Make your IIS impeccable

If your computer has nt4/win2000 installed, it is not a direct use for Internet servers. Although Microsoft's patch has been a lot of bugs, there are still some loopholes. Now let's talk briefly about how to use IIS to build a server with high security performance.

First, based on the security mechanism of Windows NT

1) NT hit SP6 patch, 2K hit SP2 patch. Convert the disk's file system to NTFS (the partition of the installation system can be converted when the system is installed, or it can be converted by tools after the system is installed). At the same time, the permissions for writing and modifying Everyone in the usage rights are removed. The key directories: such as WinntRepair read permission are also removed.

2) Modification of sharing permissions.
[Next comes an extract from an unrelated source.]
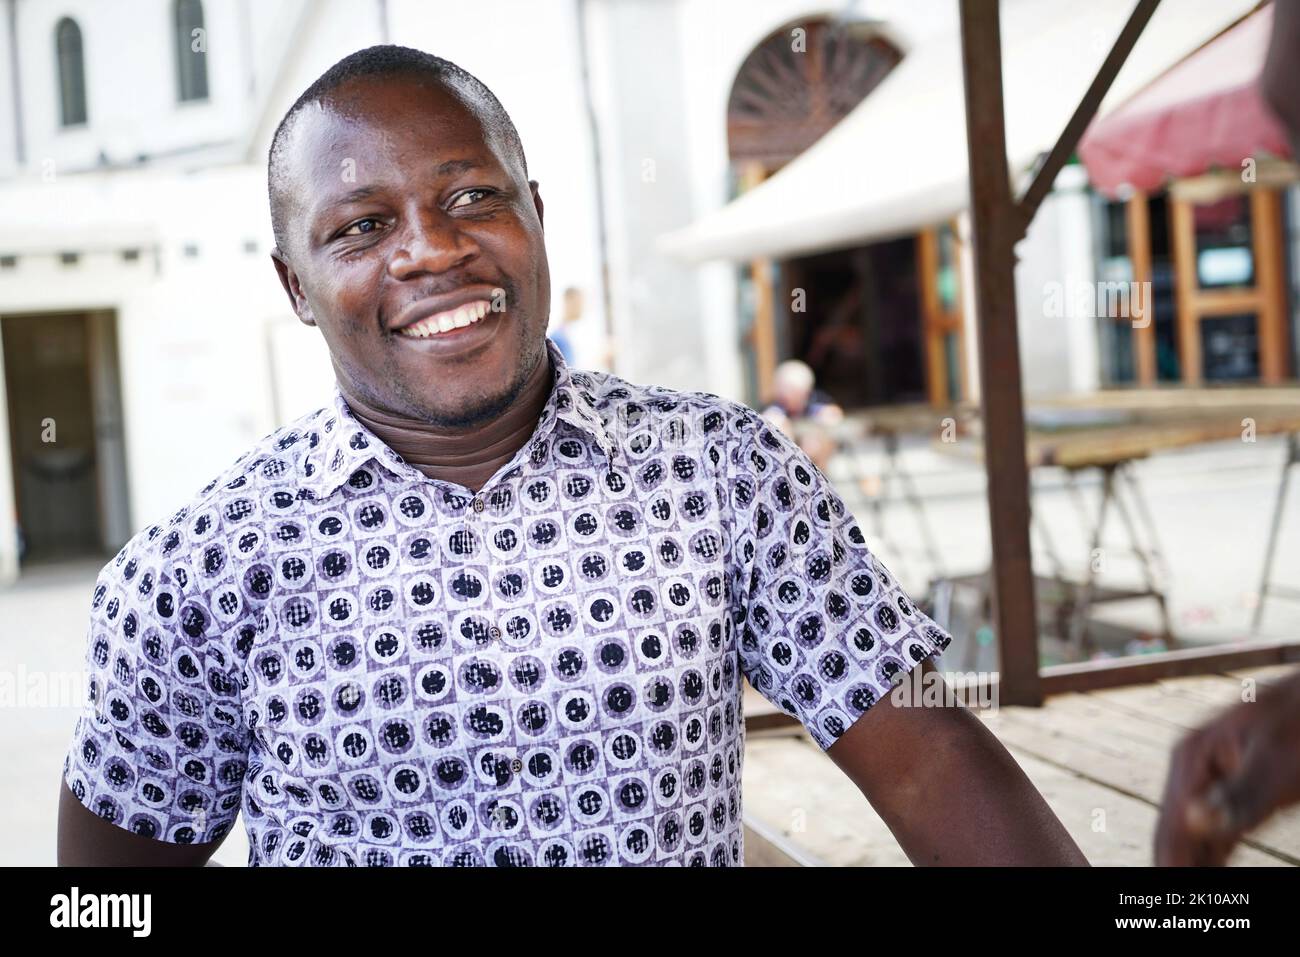 Edward Mukiibi, agriculteur, éducateur et entrepreneur social né en Ouganda, a été nommé président de Slow Food. Turin, Italie - septembre 2022 Banque D'Images

Under NT, go to Start Menu --> Programs --> Administrative Tools --> System Policy Editor, and then open the registry in the File menu of the system policy to modify the Windows NT network to remove it. Under 2K, you can write a net share c$ /delete bat file, put it into the machine's startup task.

3) Rename the system administrator account. At the same time, change the password of the system administrator to strong encryption: the password length is more than 10 digits, and the password should include numbers, letters, and! Wait for various characters.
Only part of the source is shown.